Exercise aim:
Everything in the listing must be repeated exactly, apart from the images.

Dataset section:
== Segment start ==
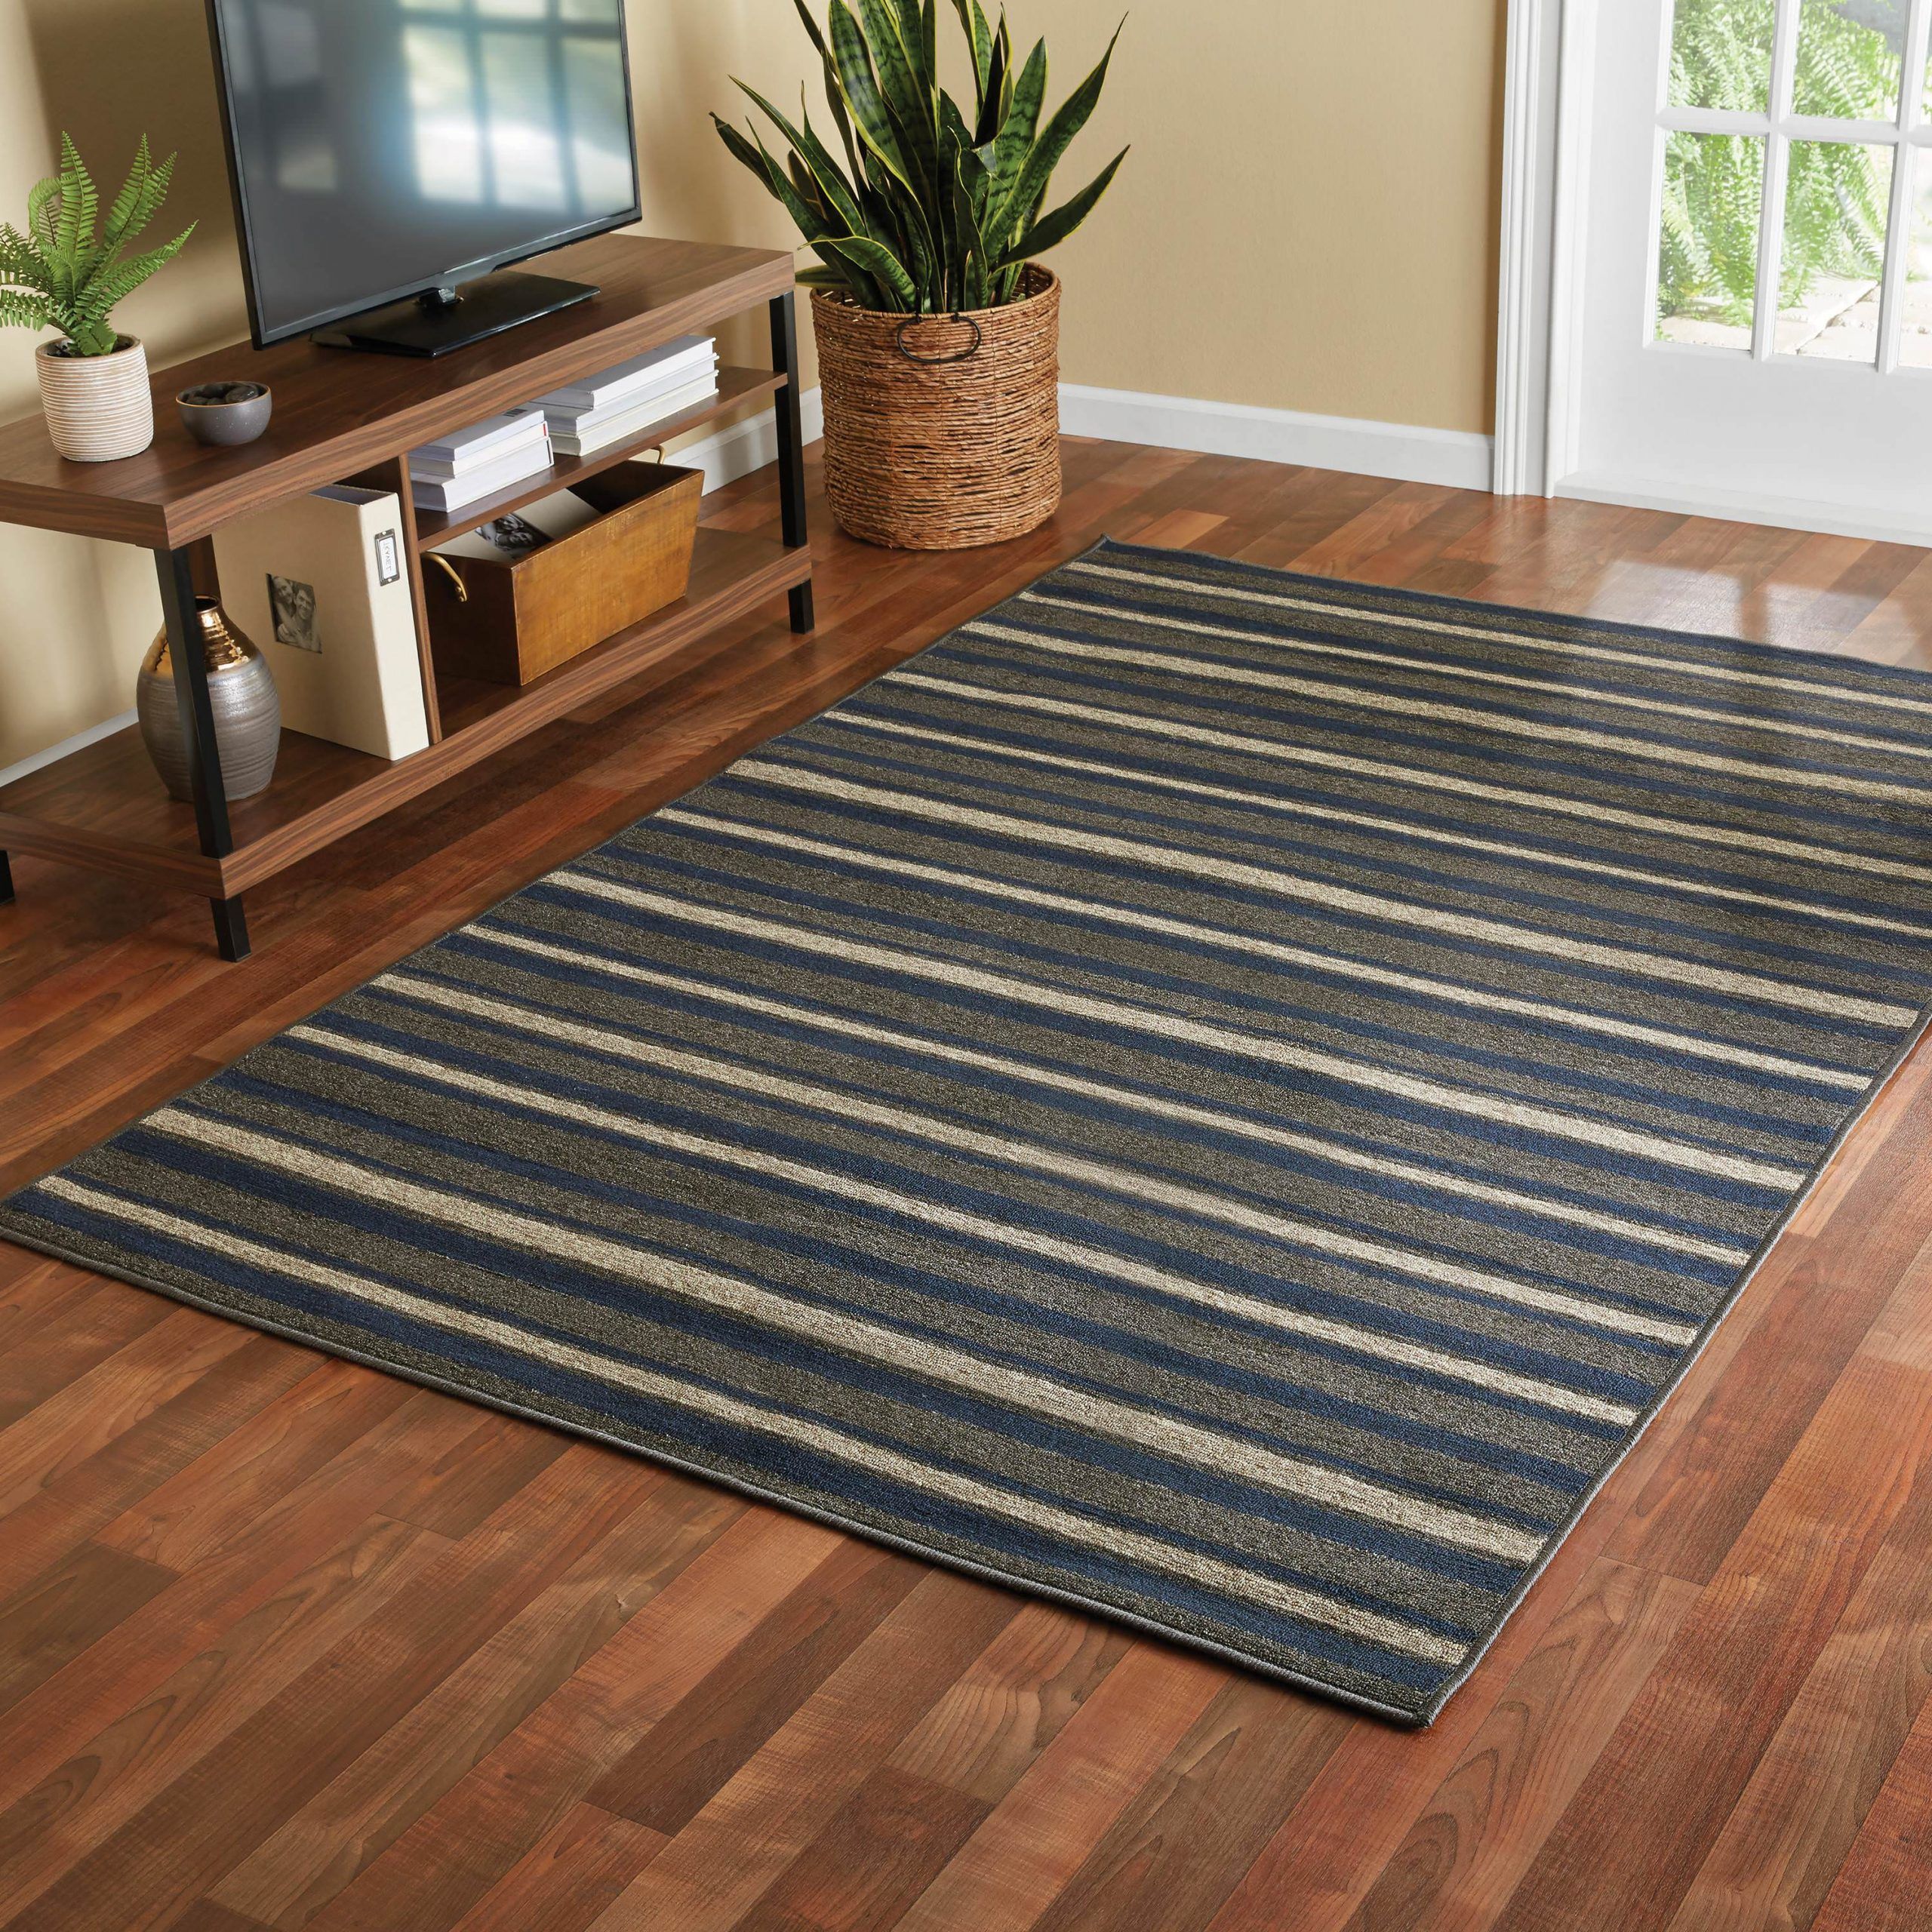 Fashionable Mainstays Sonata Striped Indoor Living Room Area Rug, Navy Blue And For Navy Blue And White Striped Ottomans (View 5 of 10)
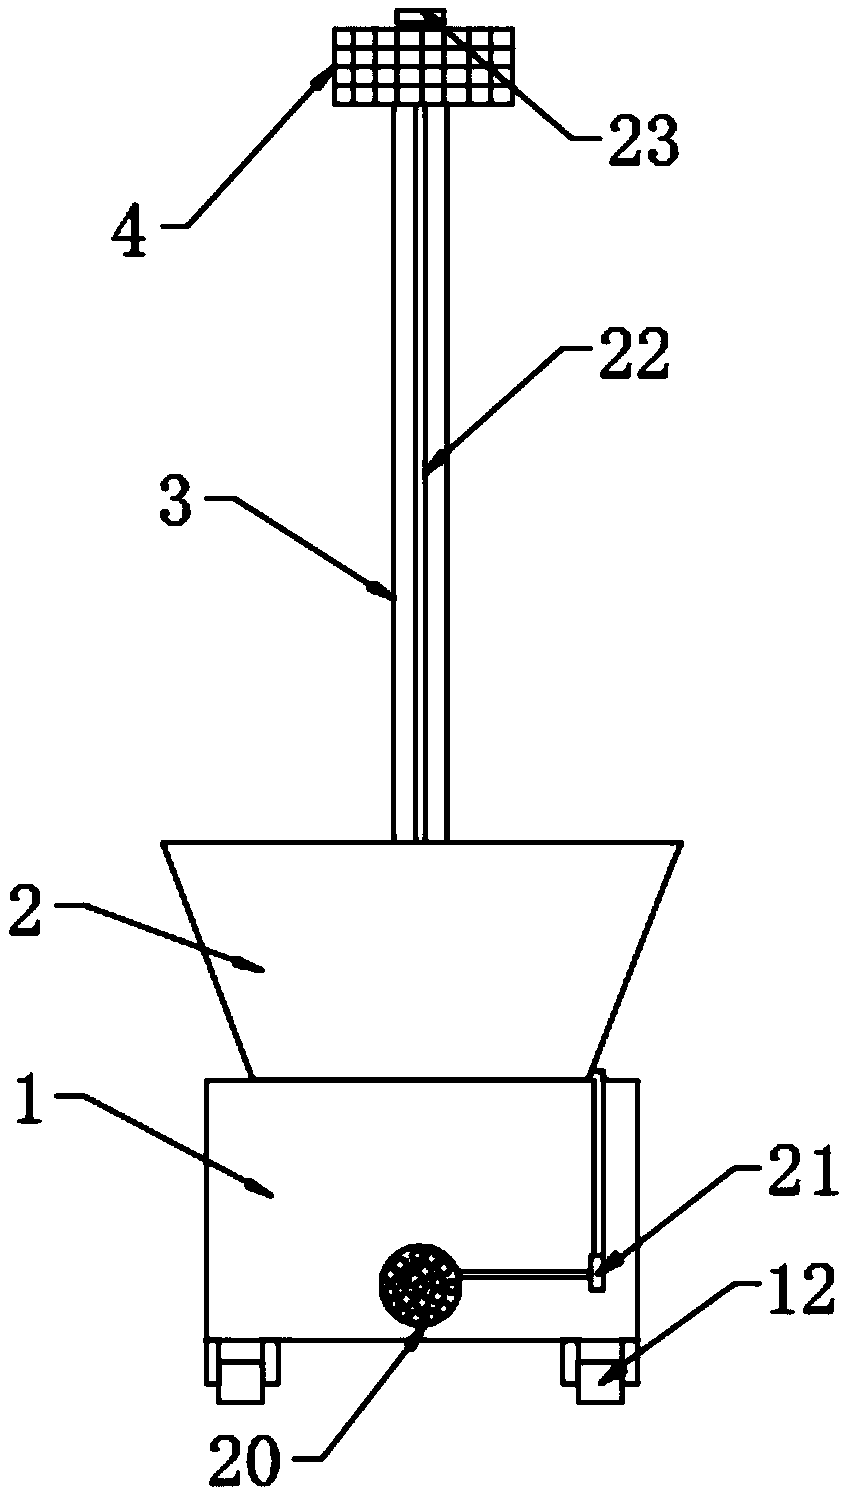 Solar street lamp with rainwater collecting device
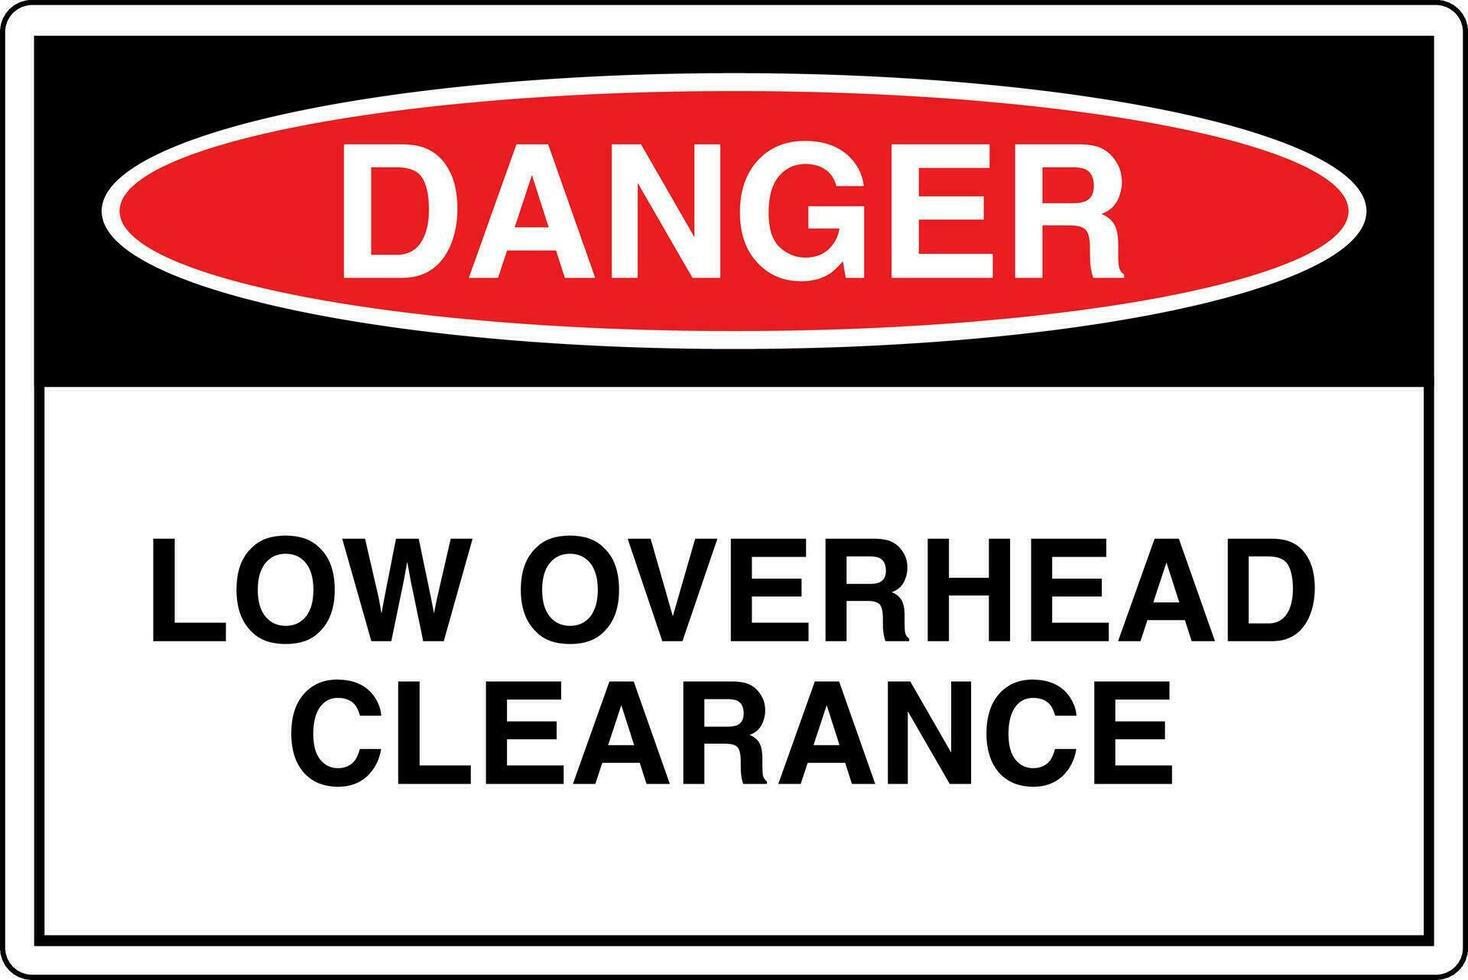 OSHA standards symbols registered workplace safety sign danger caution warning LOW OVERHEAD CLEARANCE vector
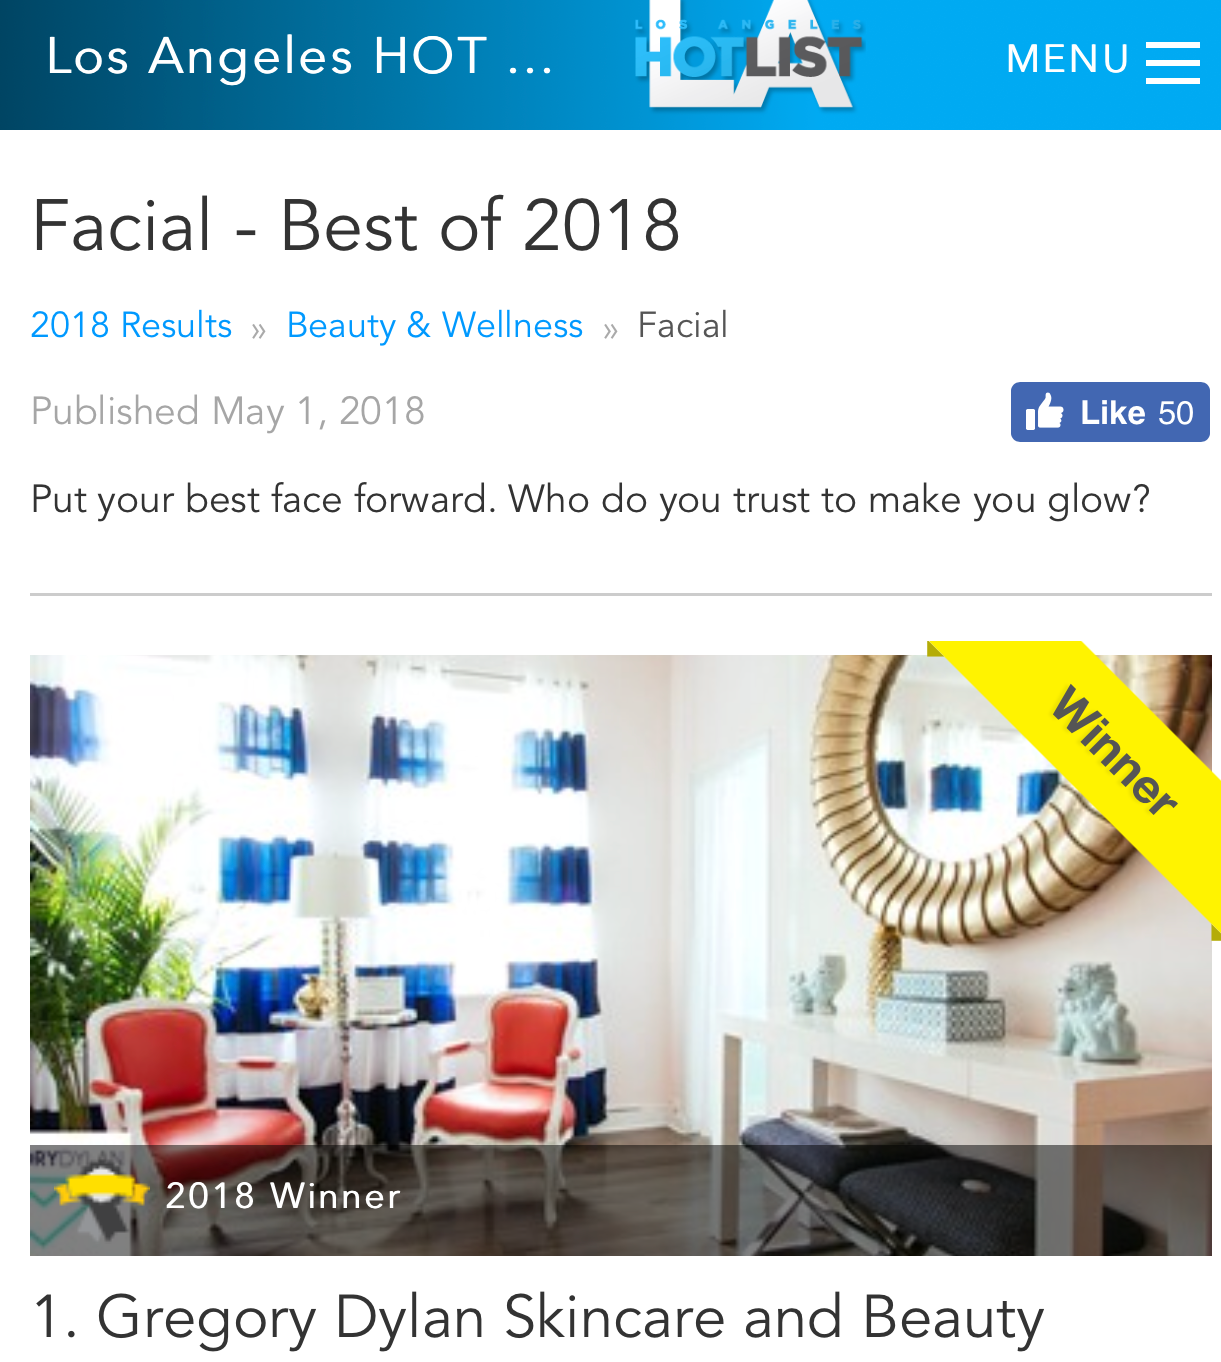 Los Angeles Hot List 2018, Best Facial: Gregory Dylan
== Segment end ==
Solution below:
 Fashionable Mainstays Sonata Striped Indoor Living Room Area Rug, Navy Blue And For Navy Blue And White Striped Ottomans (View 5 of 10)
 Solar street lamp with rainwater collecting device
 OSHA standards symbols registered workplace safety sign danger caution warning LOW OVERHEAD CLEARANCE vector
 Los Angeles Hot List 2018, Best Facial: Gregory Dylan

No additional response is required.